The majority of the time, people can’t just decide to quit–and be immediately successful. They need an abundance of help to change their environment, their behaviors and the way they think. Quitting cold turkey is admirable, but it has a very low success rate, less than 25% of the people that try and just stop, are back using opioids again within the year.
So that is where medication-assisted opiate withdrawal treatment options come into play. And more specifically, we’ll talk about suboxone. Suboxone can often reverse the damage from an overdose and can also help patients to stay sober, at the same time suboxone also is reducing the suboxone withdrawals side effects and curbing cravings, minimizing relapses.
Suboxone is a really two medications, one (buprenorphine) that is a partial opioid agonist, and the other (naloxone) which is an opioid blocker. It is used in conjunction with therapy and counseling to aid in addiction therapy.

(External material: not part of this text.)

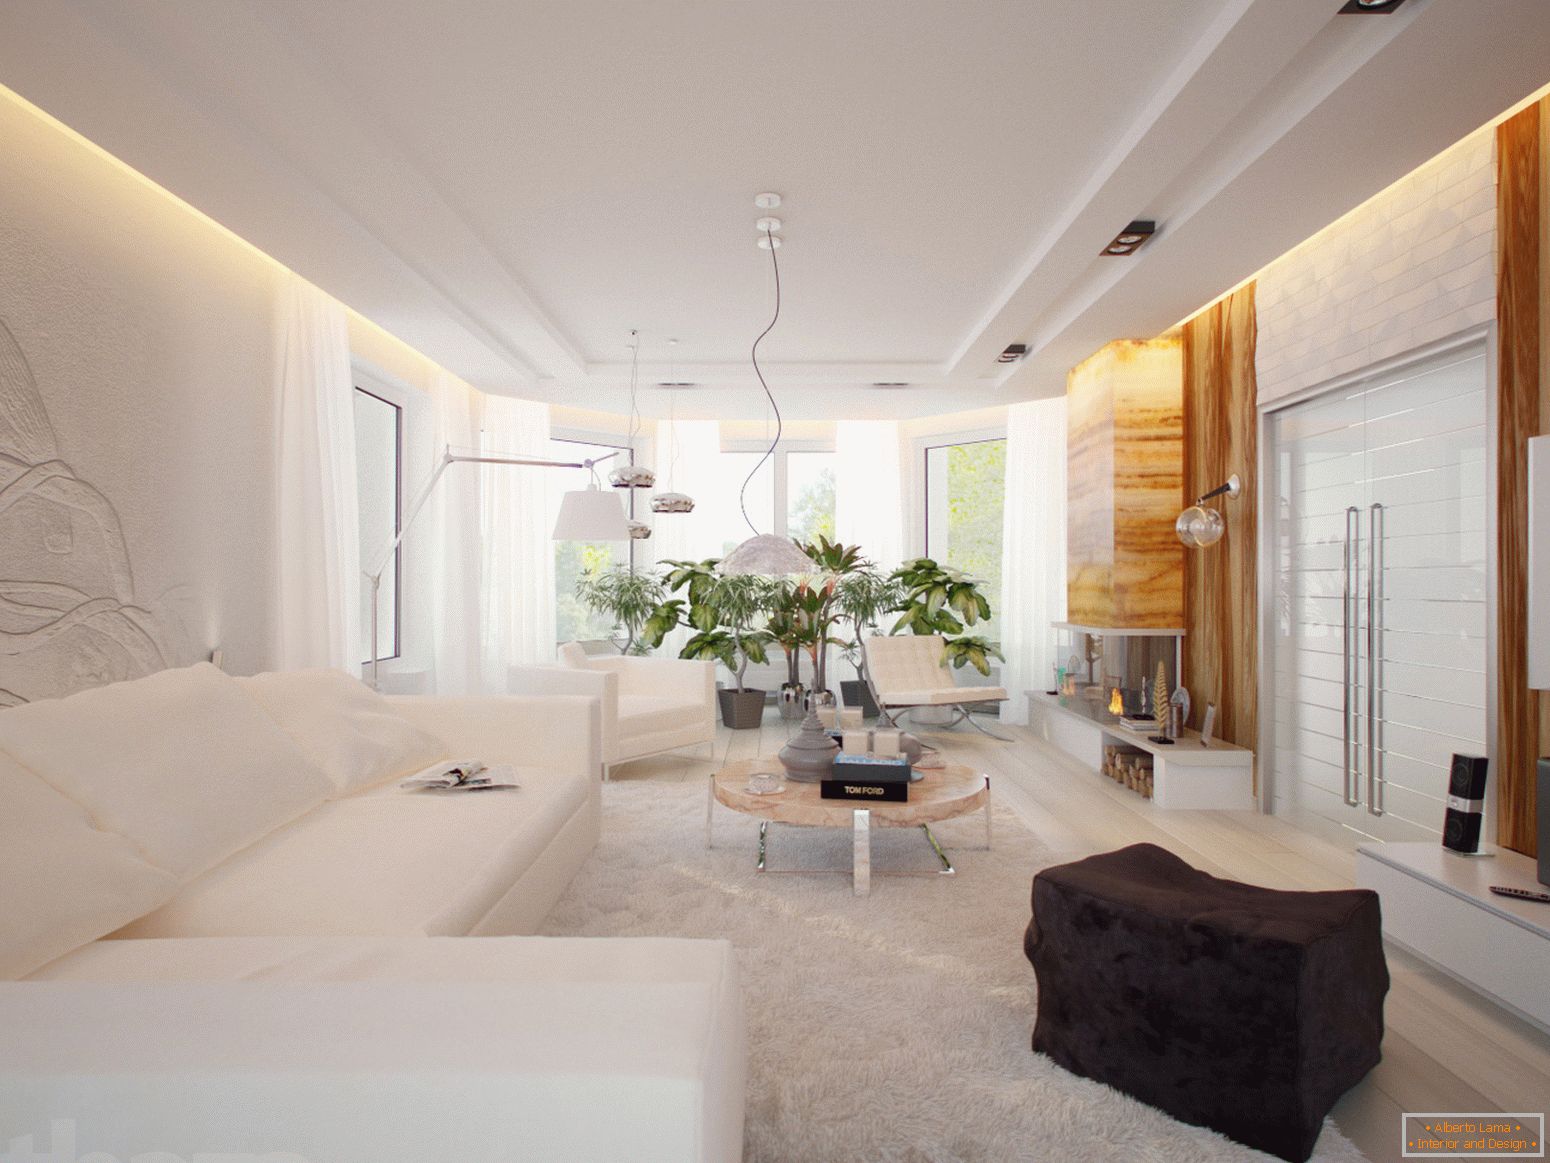 Prostorna in svetla soba za goste v minimalističnem stilu je odličen primer ustrezno izbranega pohištva.

Suboxone, or buprenorphine, is prescribed for patients with a narcotic addiction to help them get off of painkillers. A ‘partial opioid agonist’ such as buprenorphine is an opioid that gives you less of an effect than that which a full opioid does when it links to the opioid receptors in your brain. Oxycodone, morphine, methadone and all the other full opiates that you can become addicted to are full opioids and deliver all of the “pleasure” that is needed to fuel and addiction. Taking a partial opioid like Suboxone, you may get a very slight pleasurable sensation, or feel more energized. However there will not be a noticeable high, or feeling of euphoria. It basically tricks your brain into thinking that you have taken a full opioid and thus lessens or alleviates the withdrawal symptoms completely.
Suboxone does have a “ceiling effect” meaning that after a certain amount the effects level off. However, just because it can’t be injected, doesn’t mean it cannot be abused. It can be taken without a prescription, or a higher dose than is prescribed can be taken. It can be mixed with alcohol or benzodiazepines to get high. Signs of abuse can involve things such as random packages being delivered, late night visitors, a prescription disappearing too quickly, and unusual behavior. Most of the time, benzodiazepines are not to be prescribed with anything that has buprenorphine. By themselves, they have a high abuse potential, so adding them to Suboxone is unwise.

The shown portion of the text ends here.